Senate debates
Wednesday, 23 June 2010
Committees
Finance and Public Administration References Committee; Report
6:42 pm
Concetta Fierravanti-Wells (NSW, Liberal Party, Shadow Minister for Ageing) Share this | Hansard source
Australians had an expectation that Mr Rudd would fix hospitals. That was his promise in 2007. Remember, ‘The buck stops with me. I have a plan to fix hospitals by 2009.’ Of course 2009 came and went. We have no plan. When the heat and the pressure really started to be put, he decided it was time that he needed to do something—a plan that is now in disarray. Despite all the hype and all the talk and all the spin without the substance, another cobbled-together plan emerged from the Prime Minister.
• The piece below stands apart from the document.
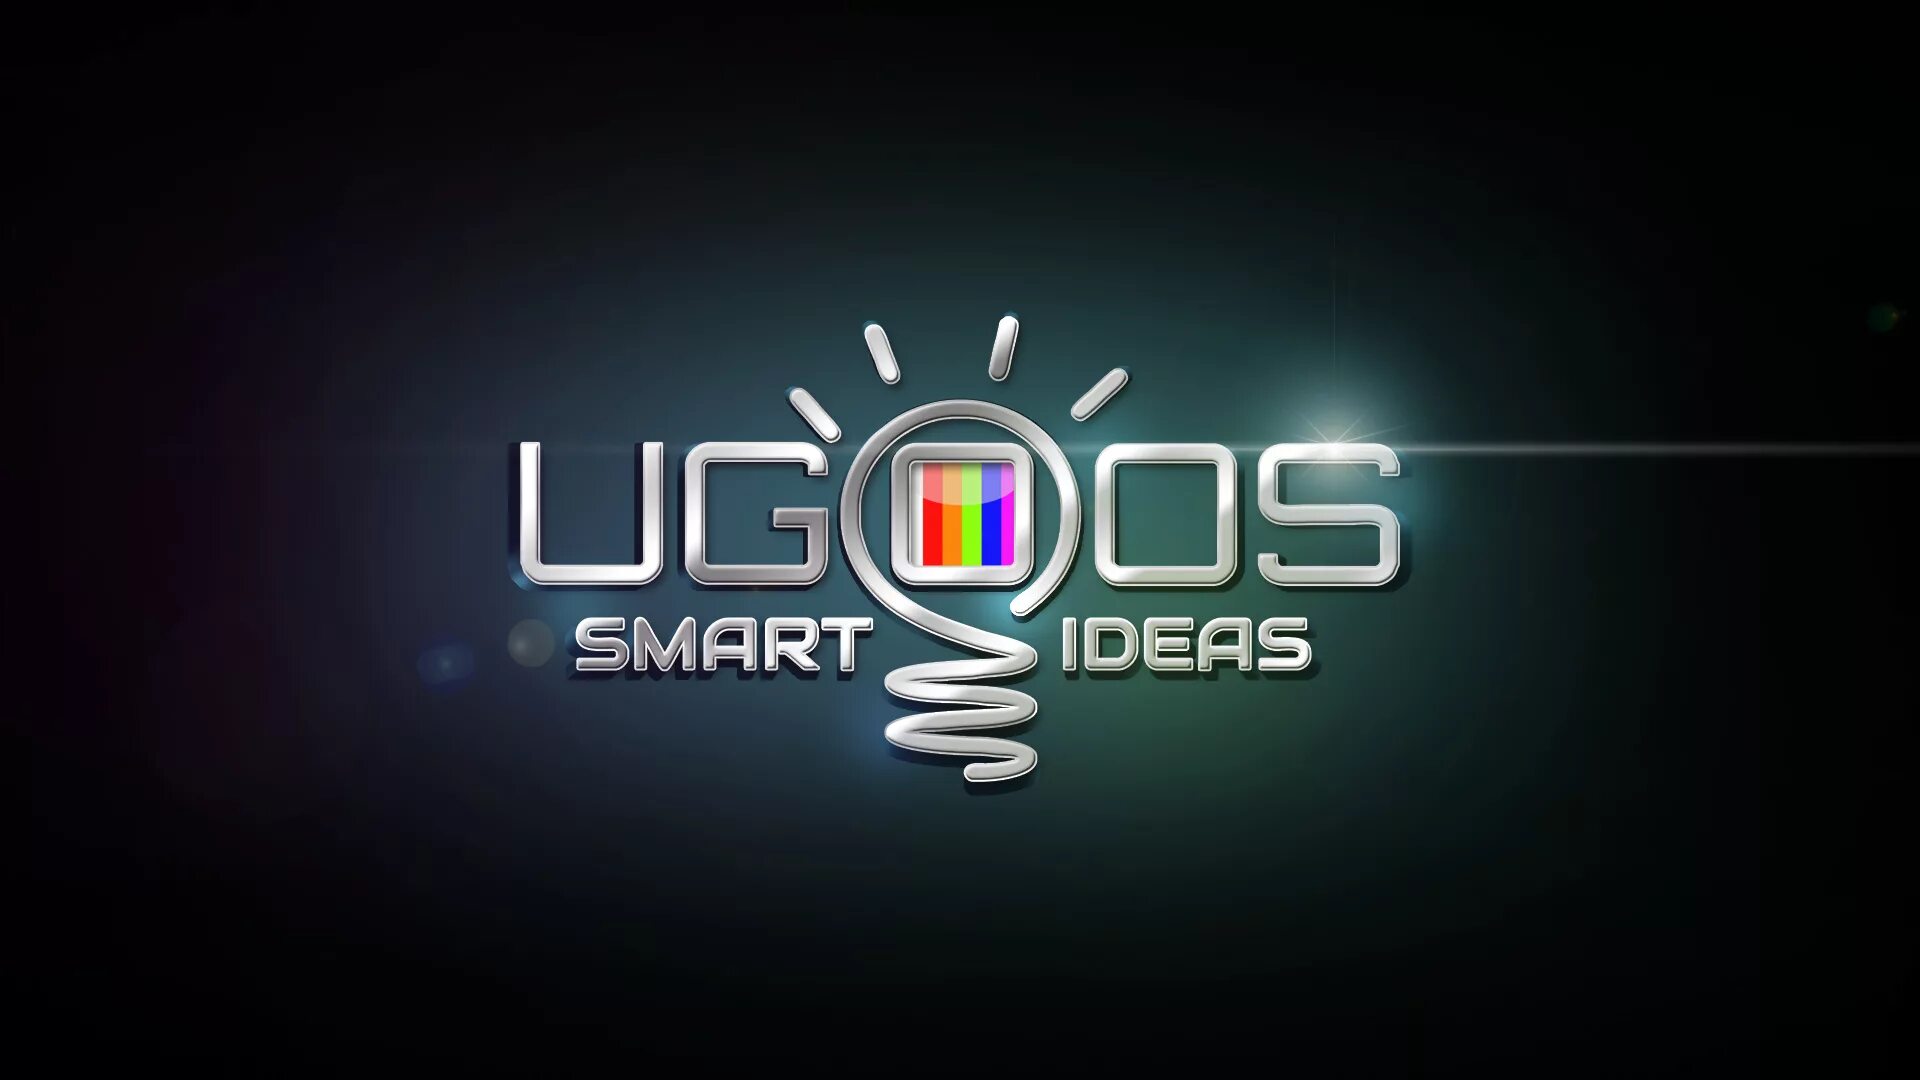 Андроид 4.4 телевизор. Ugoos. Заставка ugoos. Ugoos логотип. Обои для ТВ бокса ugoos.

After 2½ years that this government had to develop a plan to ‘end the blame game’, what do we have? We were told, ‘We did not formally start this agreement until 5 February’—the formality started on 5 February—and then there was the Prime Minister at the National Press Club on 3 June with his first blueprint, the blue book. So we went from the big promises in the blue book on to the sales pitch that the government had in the green book. Then reality set in and we had the agreement and we had the red book. Of course, the reality is very different from the hype. The wheels are starting to fall off. It is very clear that ‘local’ does not mean local. The doctors on the Local Hospital Networks will not come from the local area, they will come from outside the area.
The transparency and the accountability so touted in the red book to stop the states syphoning off monies and using dollars for bureaucracy are gone; the National Funding Authority—gone, dumped even before the ink was dry. Funded? This campaign is a false, deceptive and misleading campaign of federal funding, and run locally, is just that: $29.5 million—another hypocrisy of this government. They called government advertising a cancer on democracy and here is their independent committee approving this campaign without even looking at the ads.
We have no real reform. As people said, ‘Labor’s wasted opportunity for real health.’ No real reform, business as usual with the states and, of course, the many, many specific concerns. As the AMA said:
The AMA is concerned that the funding structure agreed to in the IGA will not end the blame game, but instead merely provide different opportunities to undermine and ‘game’ the system.
So more bureaucracy—forget ending the blame game—because that is exactly what we are going to have. The public expectation of fixing the hospitals will not be met. There is no confidence that our public hospitals will be fixed; there is more of the same. One only has to look at page 6 of the Australian today—the headline says it all: ‘Reforms to health “business as usual”’—because that is what it is. The states are more entrenched than ever and this is business as usual. This is not reform. This is not what the Australian public wanted.